→ Data for the task
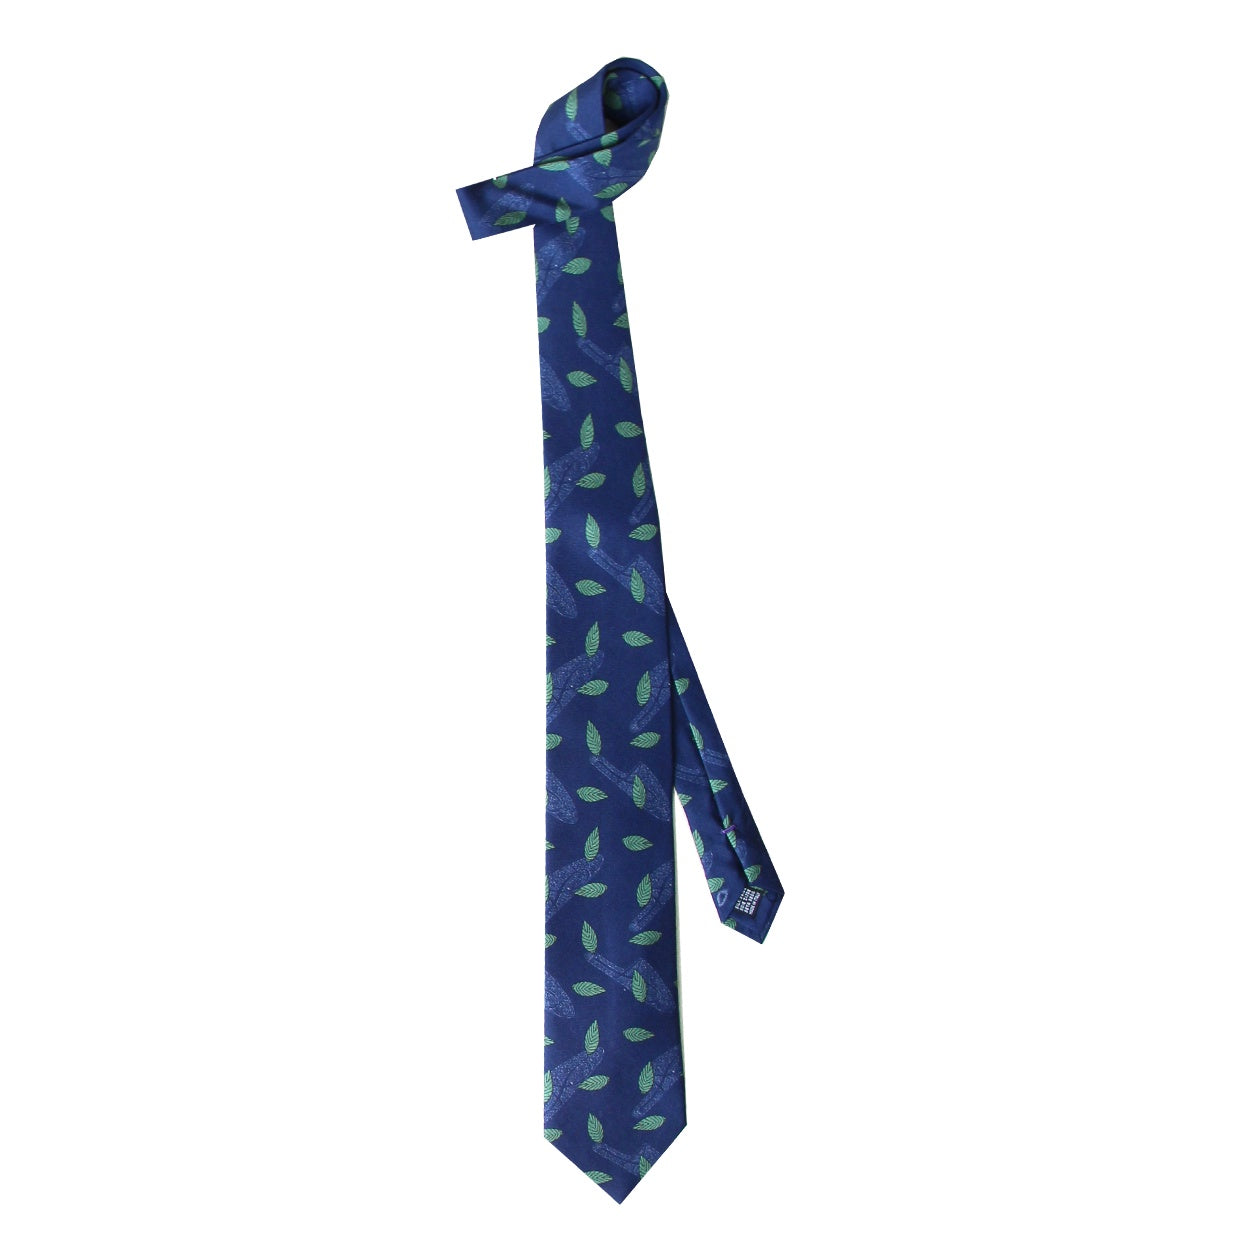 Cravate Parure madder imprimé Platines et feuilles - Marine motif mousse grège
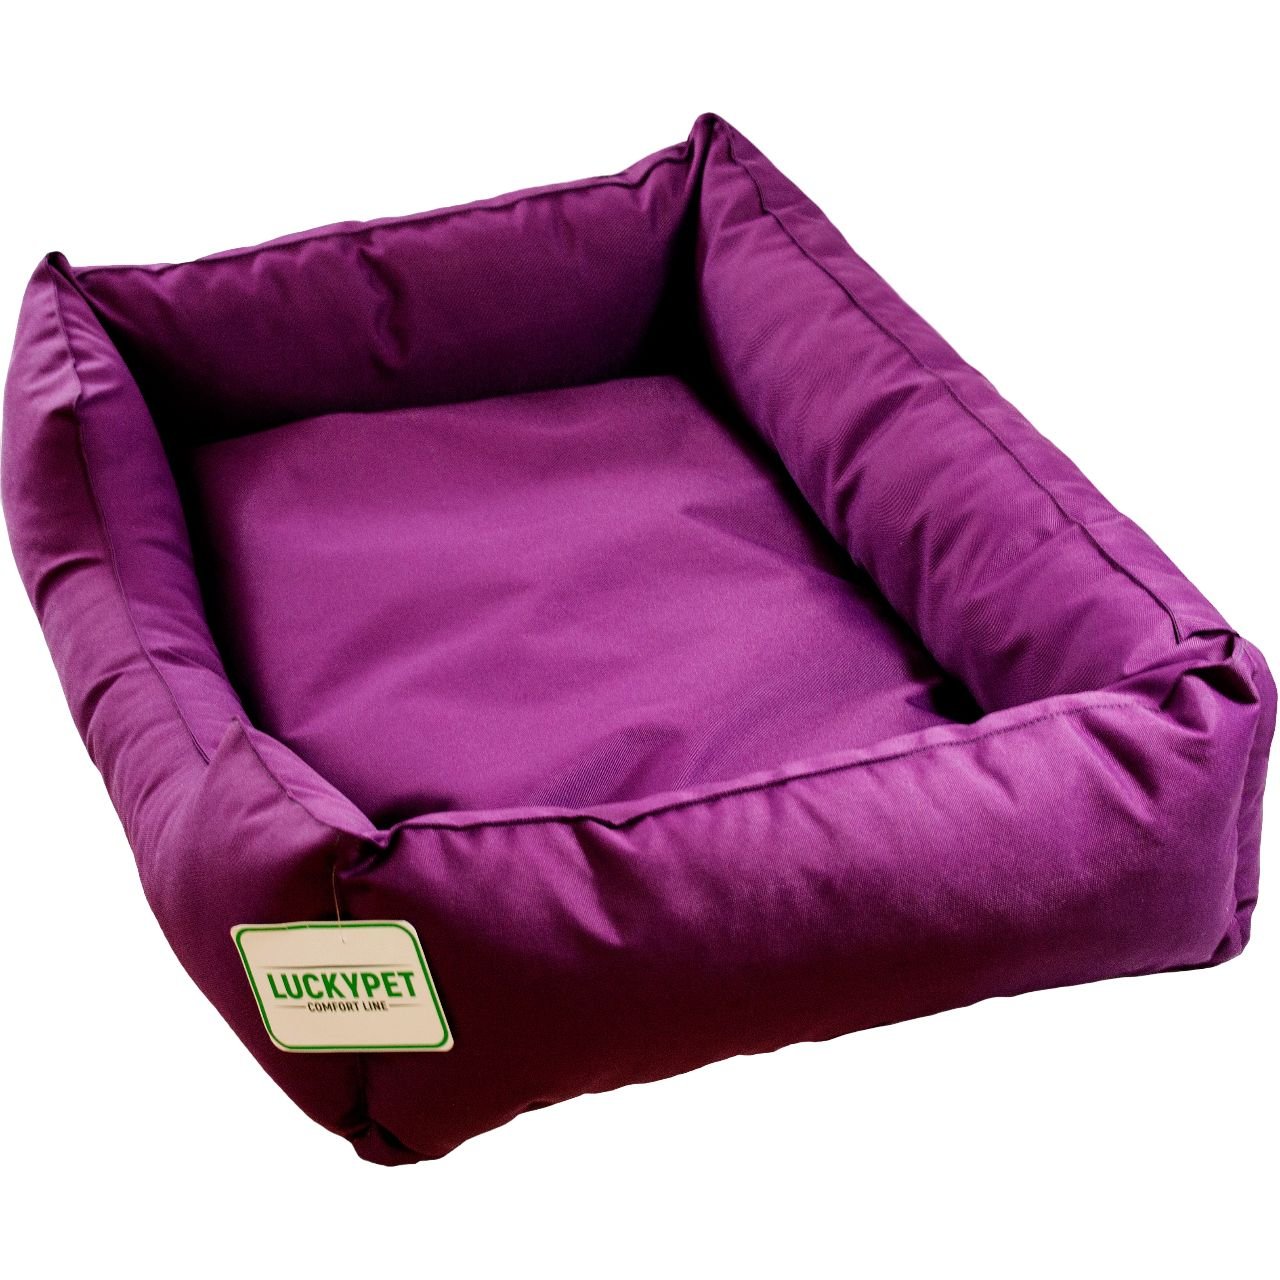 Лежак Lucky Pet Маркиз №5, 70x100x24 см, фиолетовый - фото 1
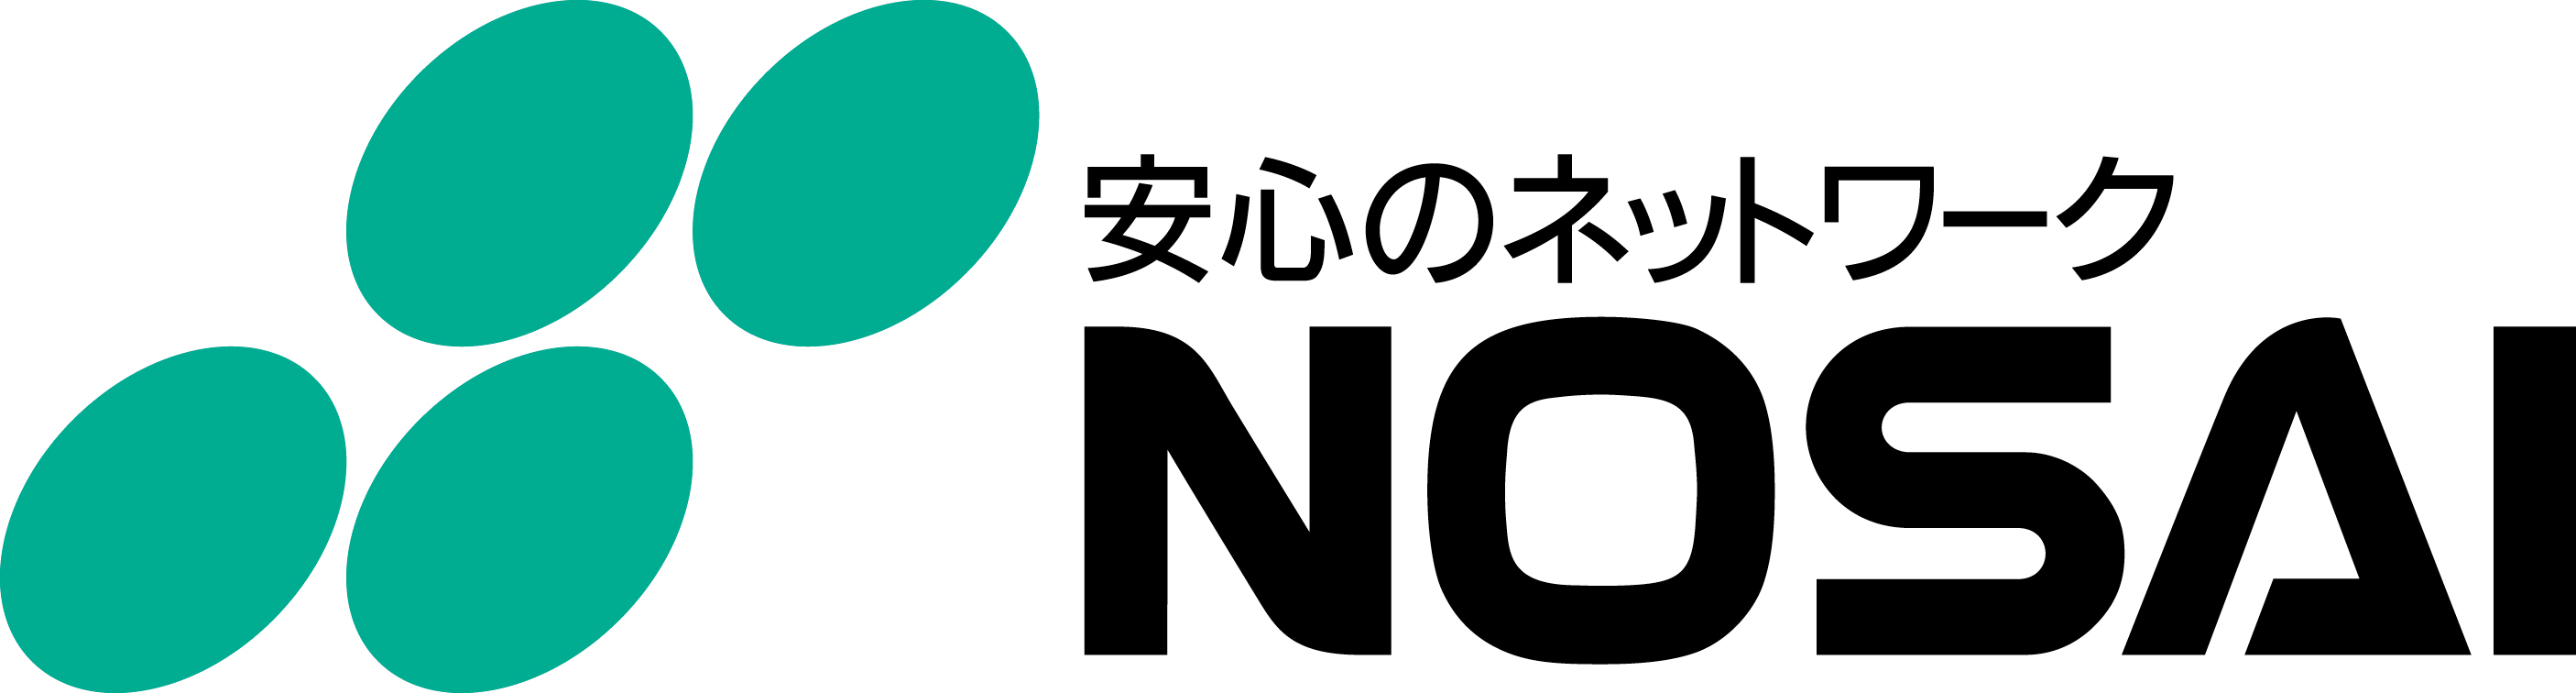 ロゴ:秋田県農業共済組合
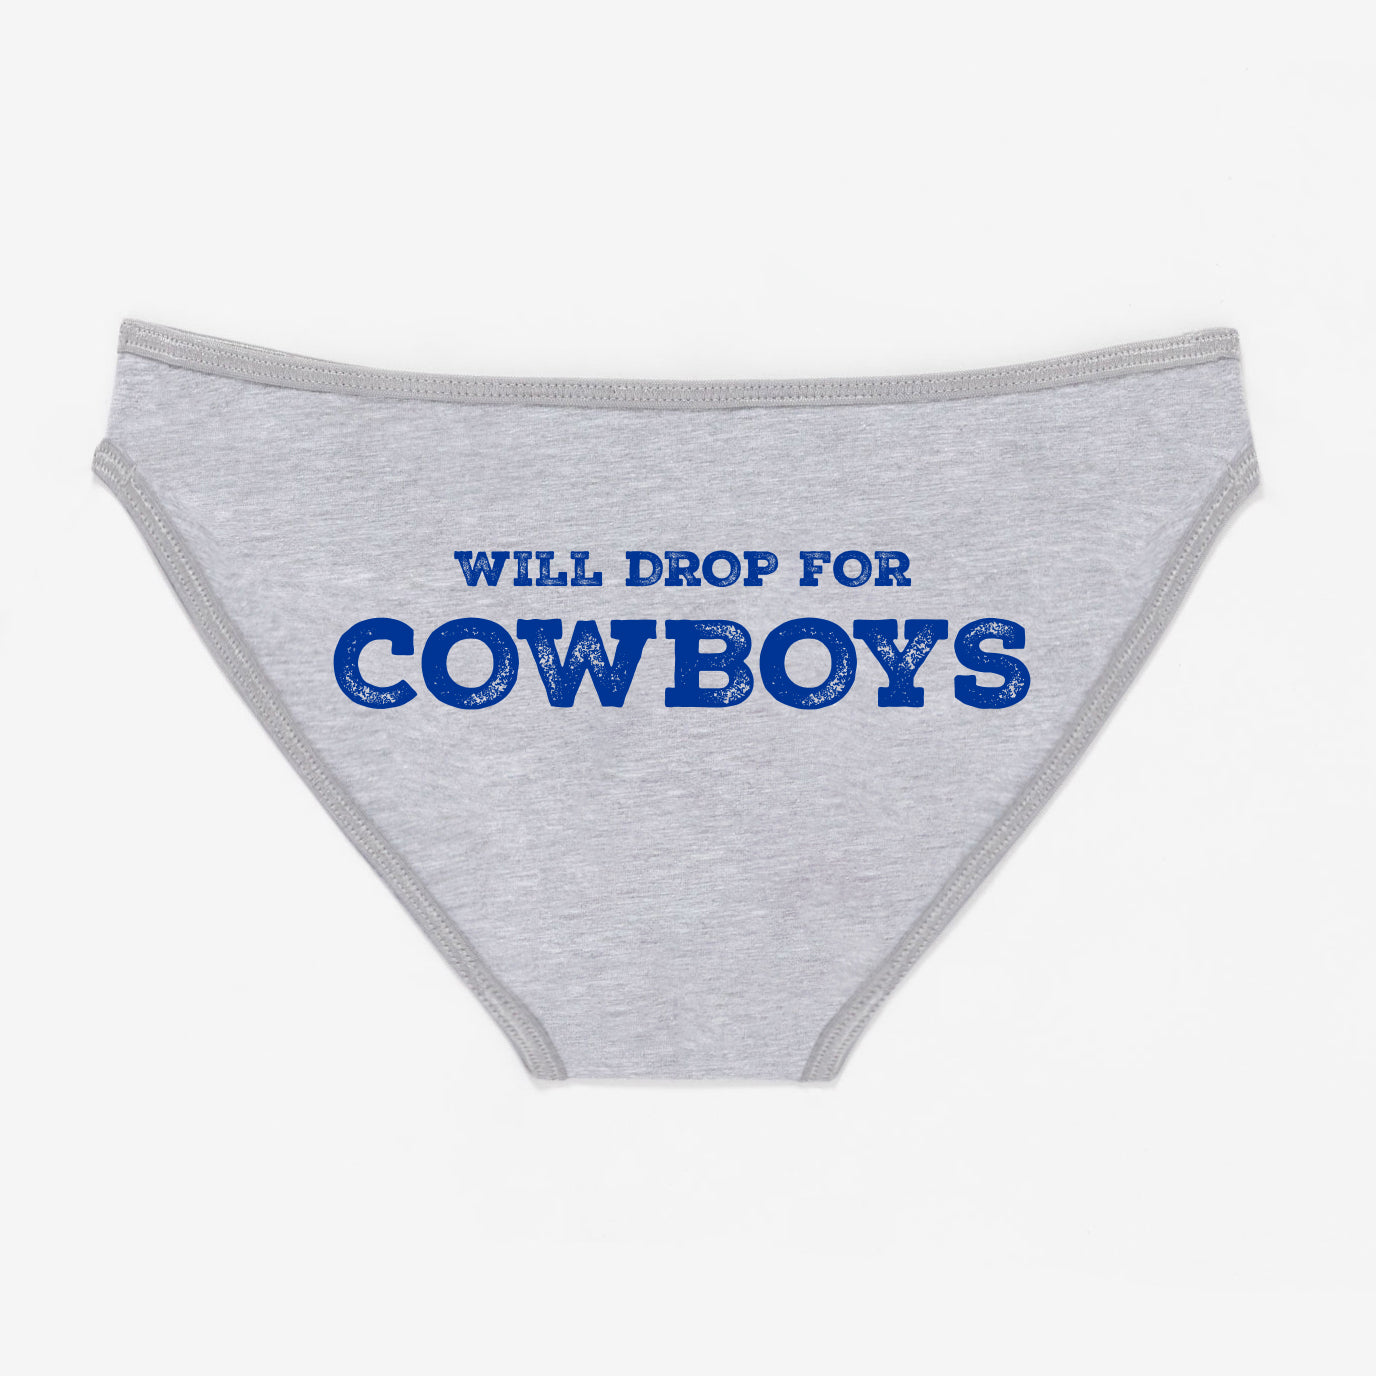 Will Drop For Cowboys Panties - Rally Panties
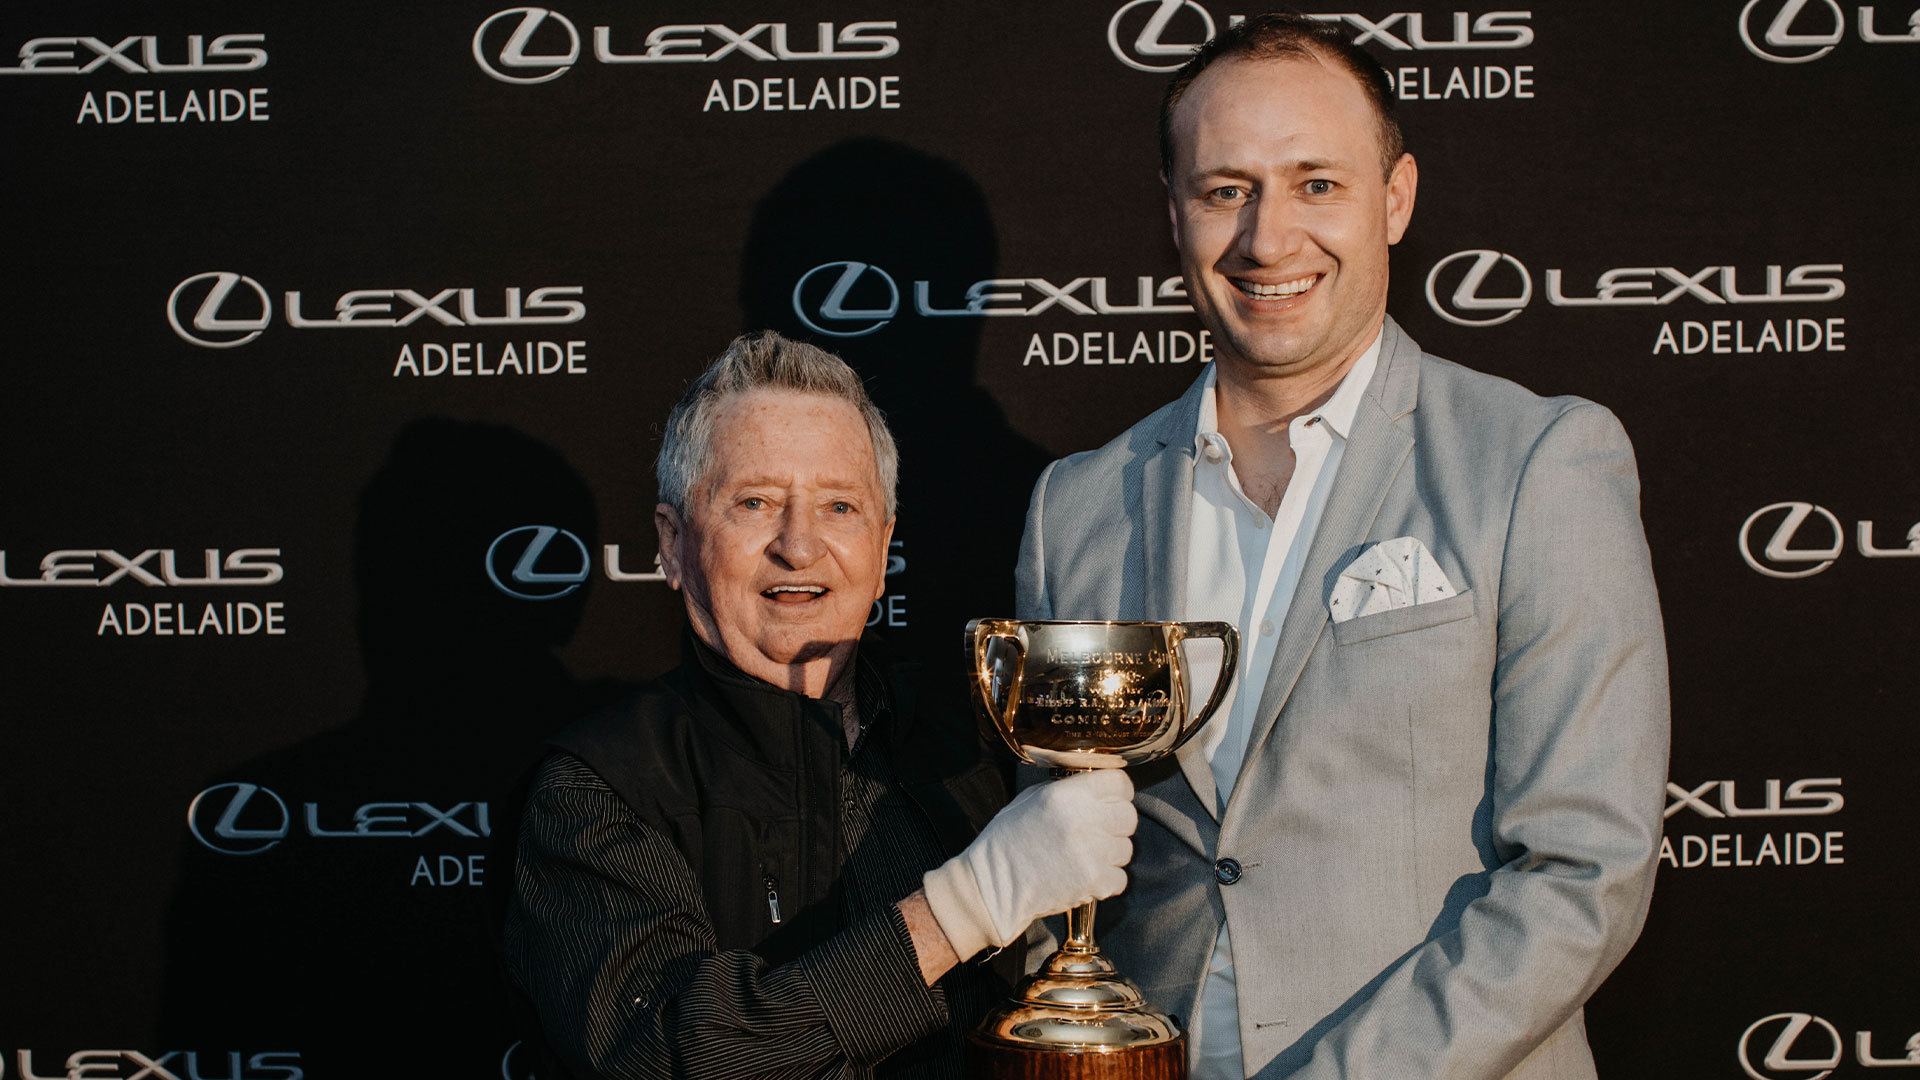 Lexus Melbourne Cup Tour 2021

→ Exercise
Without including any pictures, reproduce the listing exactly.

→ Completed task
 Cravate Parure madder imprimé Platines et feuilles - Marine motif mousse grège
 Лежак Lucky Pet Маркиз №5, 70x100x24 см, фиолетовый - фото 1
 ロゴ:秋田県農業共済組合
 Will Drop For Cowboys Panties - Rally Panties
 Lexus Melbourne Cup Tour 2021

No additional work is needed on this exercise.